In the context of two nonpolar, nonvolatile liquids, the relationship between solute concentration and the liquid-liquid equilibrium point can be described by Raoult's law.
Raoult's law states that the partial pressure of each component in an ideal mixture of liquids is directly proportional to its mole fraction in the solution. For nonpolar, nonvolatile liquids, we can assume ideal behavior in this scenario.
In the case of a solute dissolved in a liquid solvent, the solute concentration can be related to its mole fraction in the solution. The mole fraction of the solute is defined as the ratio of the moles of the solute to the total moles of the solution (solute and solvent combined).

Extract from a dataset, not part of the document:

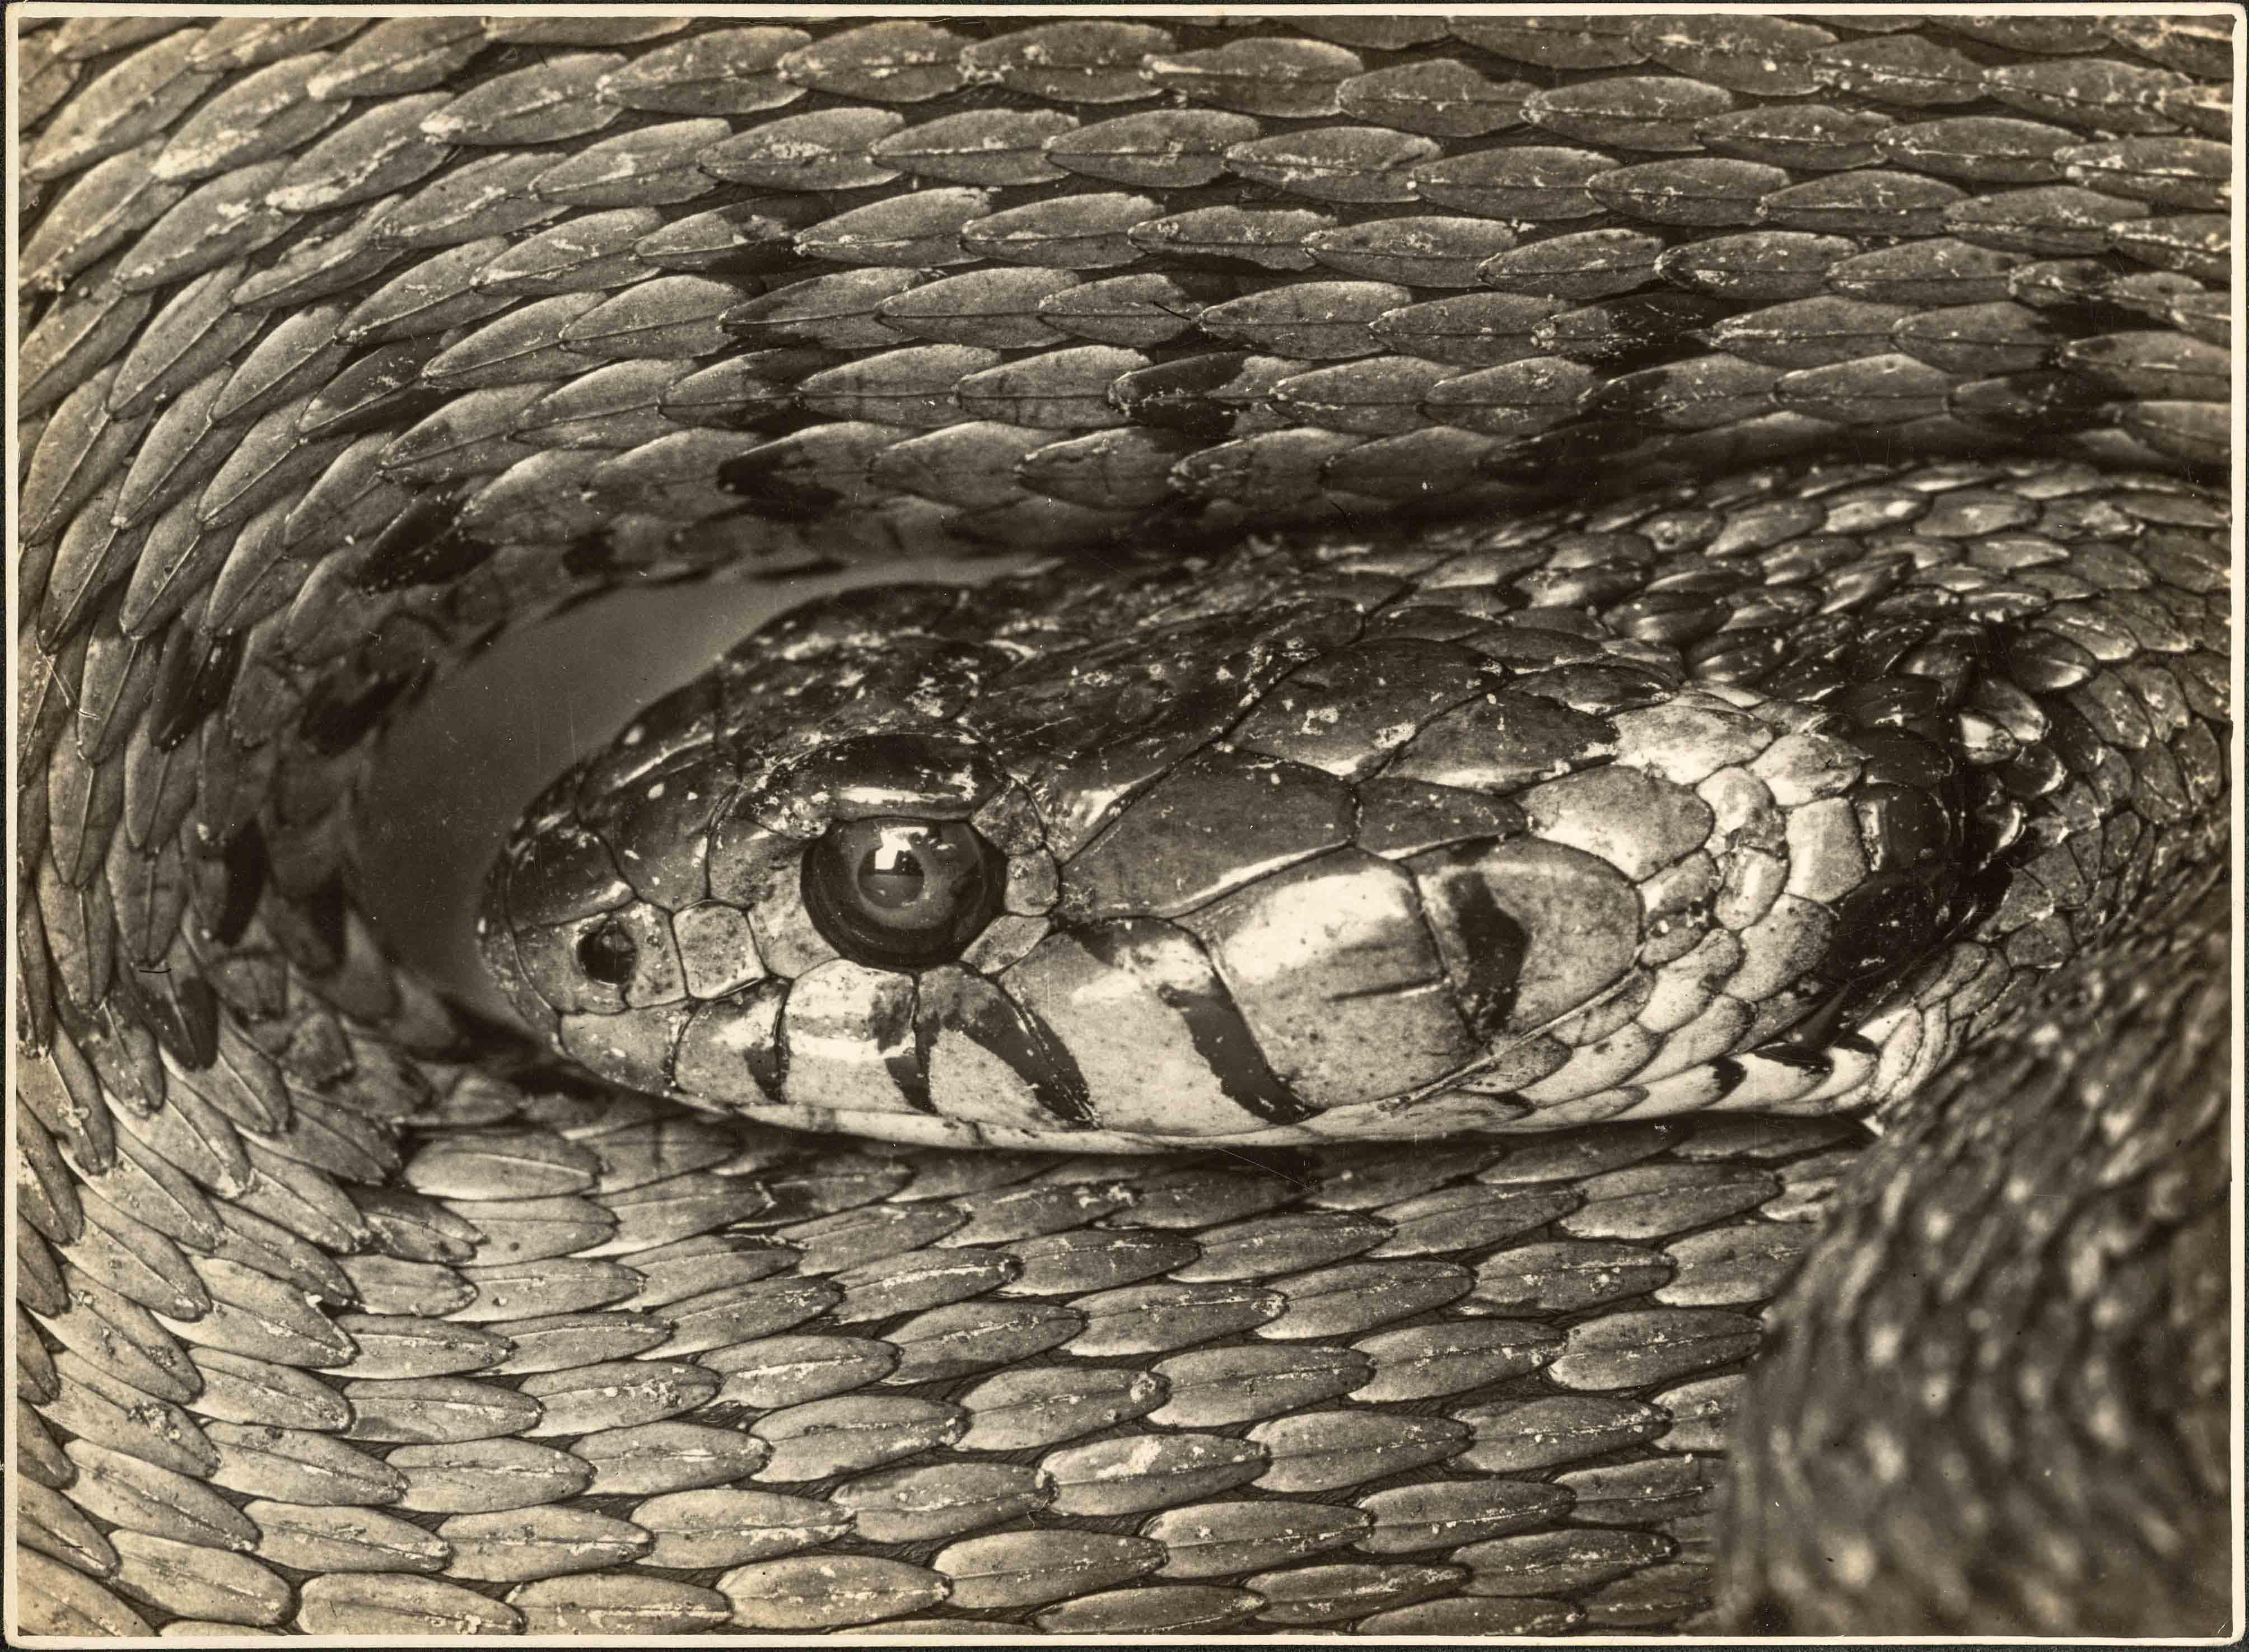 ALBERT RENGER-PATZSCH — Natterkopf [Tête de couleuvre], 1925 Galerie Berinson, Berlin © Albert Renger-Patzsch / Archiv Ann und Jürgen Wilde, Zülpich / ADAGP, Paris 2017

At the liquid-liquid equilibrium point, the concentrations of the solute and solvent reach a balance where the rates of dissolution and separation of the two phases are equal. This equilibrium point can be influenced by the solute concentration.
If the solute concentration increases, the mole fraction of the solute in the solution will also increase. According to Raoult's law, this increase in solute mole fraction will result in an increase in its partial pressure. In turn, the partial pressure of the solvent component will decrease since the sum of the partial pressures must remain constant.
Therefore, an increase in solute concentration will generally lower the partial pressure of the solvent at the liquid-liquid equilibrium point. The exact effect on the equilibrium point will depend on the specific nature of the solute and solvent involved, as well as the temperature and pressure conditions.